Ten laws for better email copy-86

10 tremendous tips for better email copywriting

Posted by Matthew Stibbe Picture of Matthew Stibbe on 21 November 2019
Matthew is founder and CEO of Articulate Marketing. Writer, marketer, pilot, wine enthusiast and geek. Not necessarily in that order. Never at the same time.

Most emails are badly written. This isn’t surprising given that there are 293.6 billion of them being sent every day. Despite the rise in alternative communication tools, the tech market research firm Radicati has found that there are still 3.7 billion email users in 2019, and this number is growing. So, why is email copywriting just not a priority? What’s going wrong?

Email copy crimes

  • Copy length: Content is too long, wordy and difficult to read.
  • Poor structure: Email is difficult to navigate and can’t be scanned or read quickly.
  • Basic mistakes: Poor spelling, punctuation or grammar.
  • No clear call to action: Copy does not make clear what should be done or how to act on the information.

What good looks like

Bad emails just won’t do. When written correctly - for the right people - email marketing can boost your lead generation efforts. So, to avoid your prospects hitting delete, here are ten tips you should always follow:

1.     Clear subject lines

Keep subject lines clear, descriptive and concise. Use personalisation where appropriate.

2.     Respect privacy

Ever received a round-robin email? One addressed to hundreds of people, with all their addresses included? This is a gross breach of privacy and it is also pretty much the only circumstance where a BCC is appropriate.
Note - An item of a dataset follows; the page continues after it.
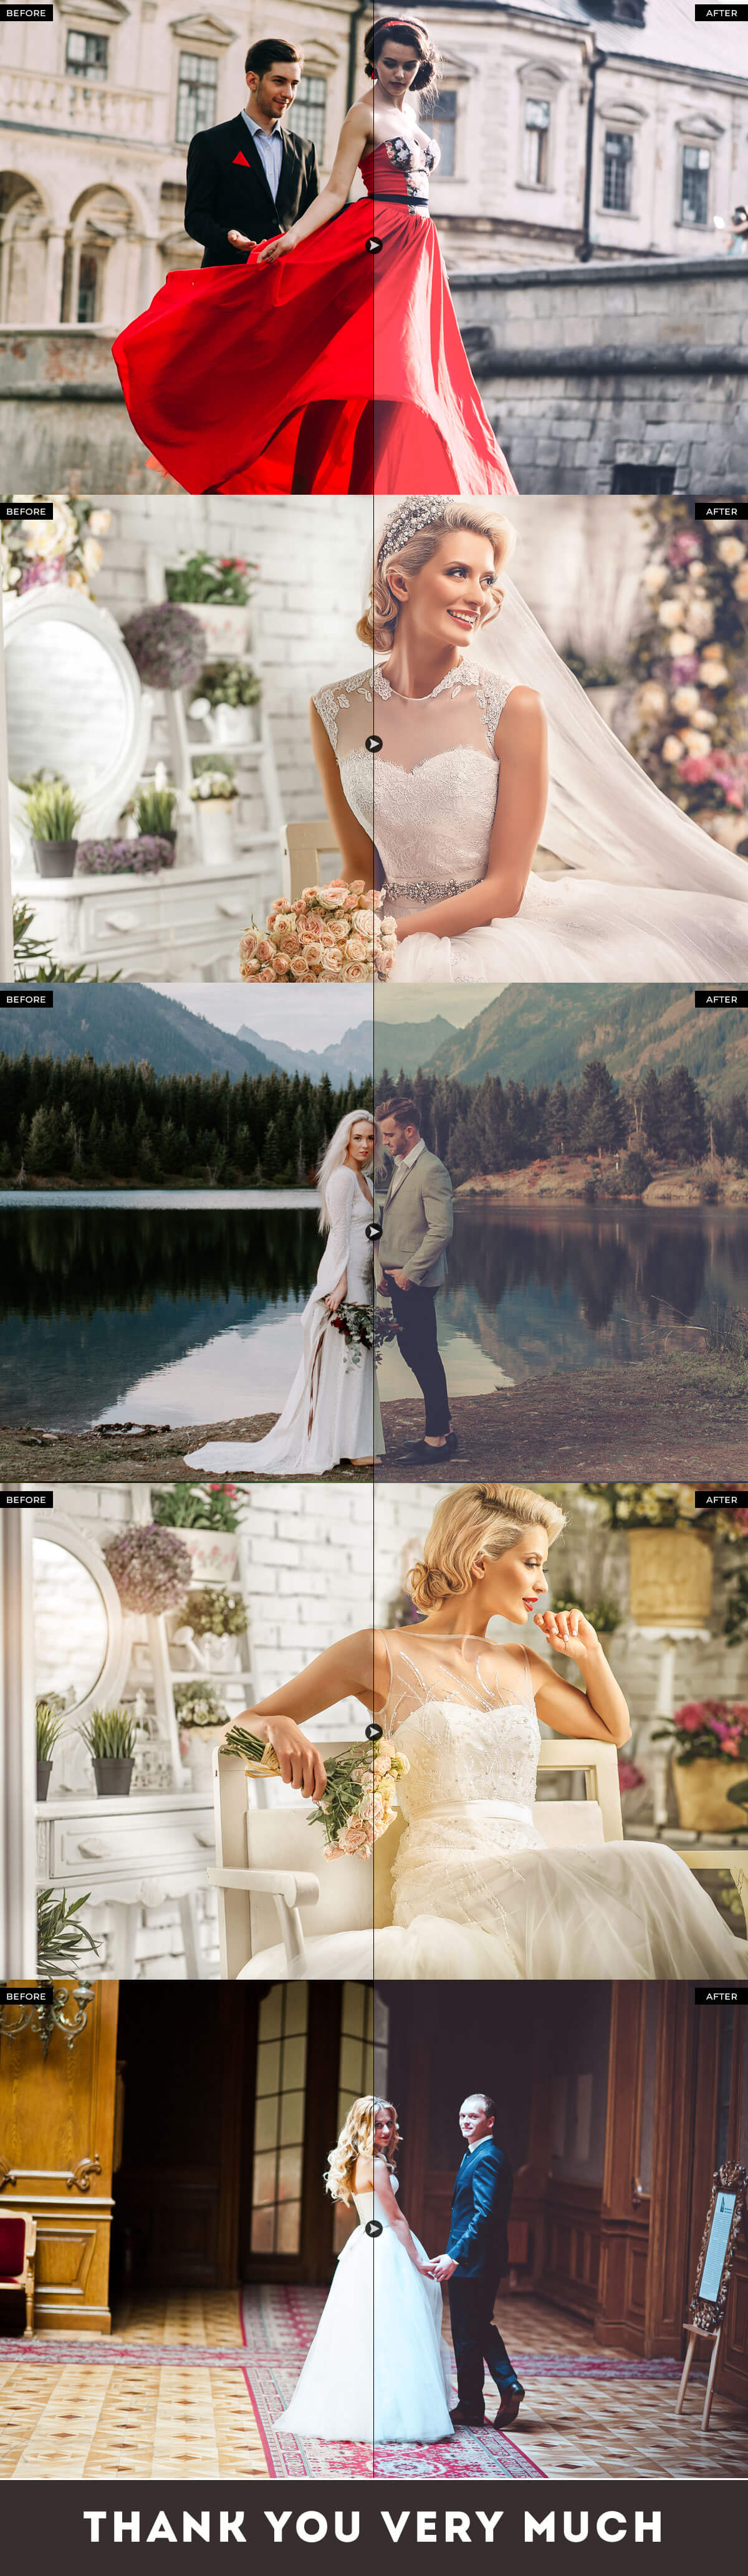 旅行婚纱摄影后期图片PS动作 Royal Wedding Pro Photoshop Actions插图

3.     Avoid long paragraphs

Consider using one-sentence paragraphs. Keep sentences short. Use bullets for short lists. Use subtitles to break up long emails.

4.     Use fewer words

Fewer words, greater understanding. Imagine your email was a telegram and that you were paying by the word. With email, shorter is better. Also, short words are best.
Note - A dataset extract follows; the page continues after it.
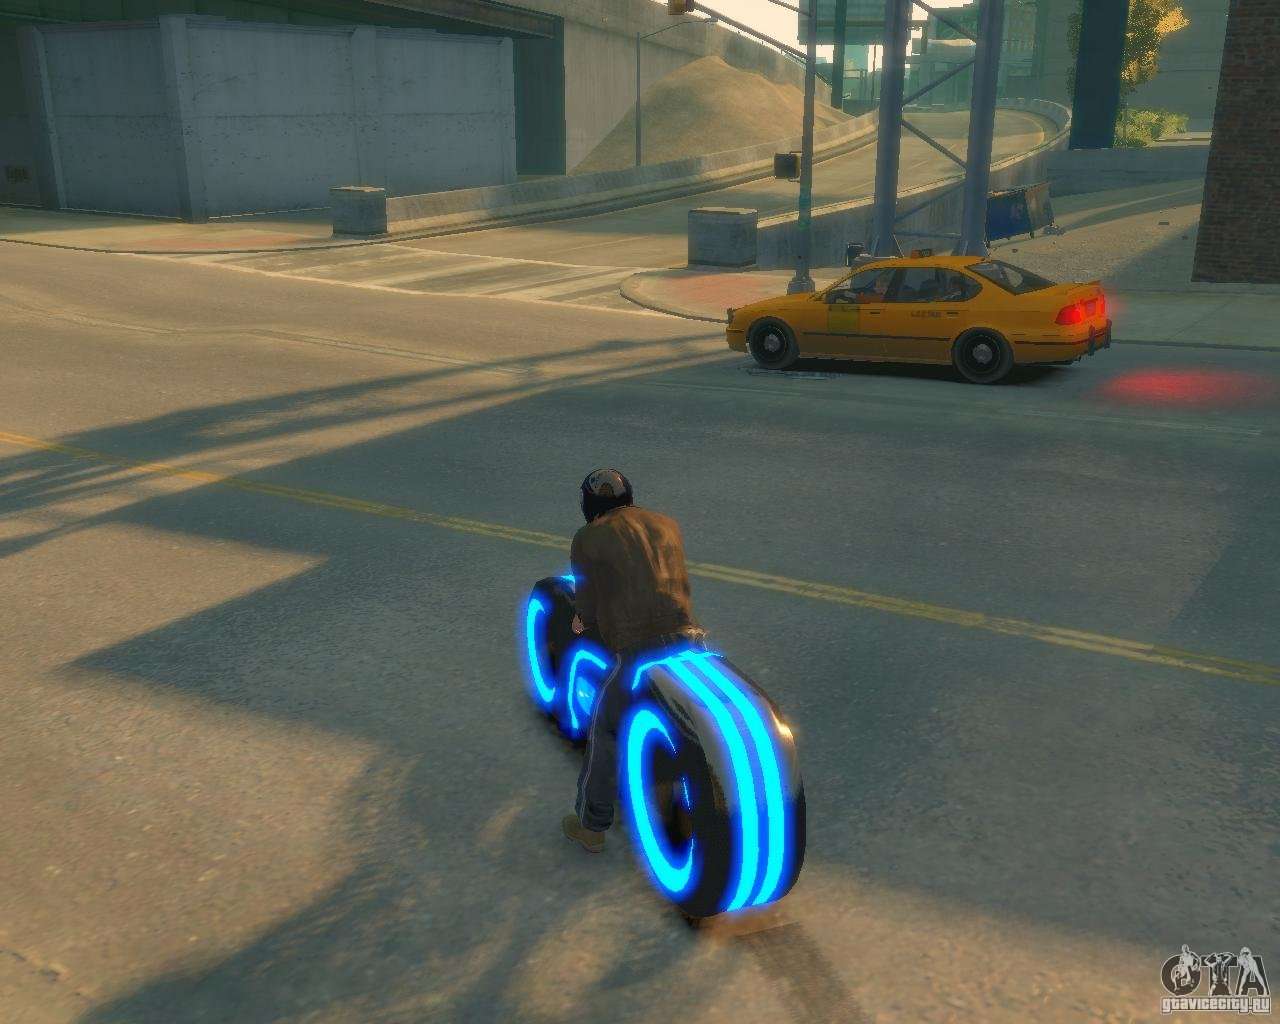 Motocicleta do trono (néon azul) para GTA 4

5.     Perfect punctuation

Punctuation exists to make it easier for people to make sense of what they're reading. Poor punctuation, bad spelling and inappropriate capitalisation slow down people's brains when they read and make it harder for them to understand what you are saying.

6.     Highlight actions

Highlight actions and key points. It's fine to use underlining, highlighting or bold to help people concentrate on the key points.

7.     Write well

Use strong, active verbs; avoid jargon and abbreviations, and use fewer words.

8.     Think about the reader

Email is about the reader, not the writer. Don't think about what you have to say. Think about what the reader needs to hear. There's nothing more tedious than an email that starts out with 200 words of self-justification when all it needs is a single sentence containing a question.

9.     End strongly

Tell people exactly what you expect them to do as a result of the email.

10.  Edit

Re-read it. Out loud. Delete any unnecessary words. Think about whether you can express any point more clearly and succinctly.


On the subject of improving communication within the sphere of business, the journalist William Whyte wrote ‘the great enemy of communication, we find, is the illusion of it’.

Follow our ten tremendous tips for email copywriting success and work at improving your writing on a daily basis. That way, when your emails land, they pack a punch.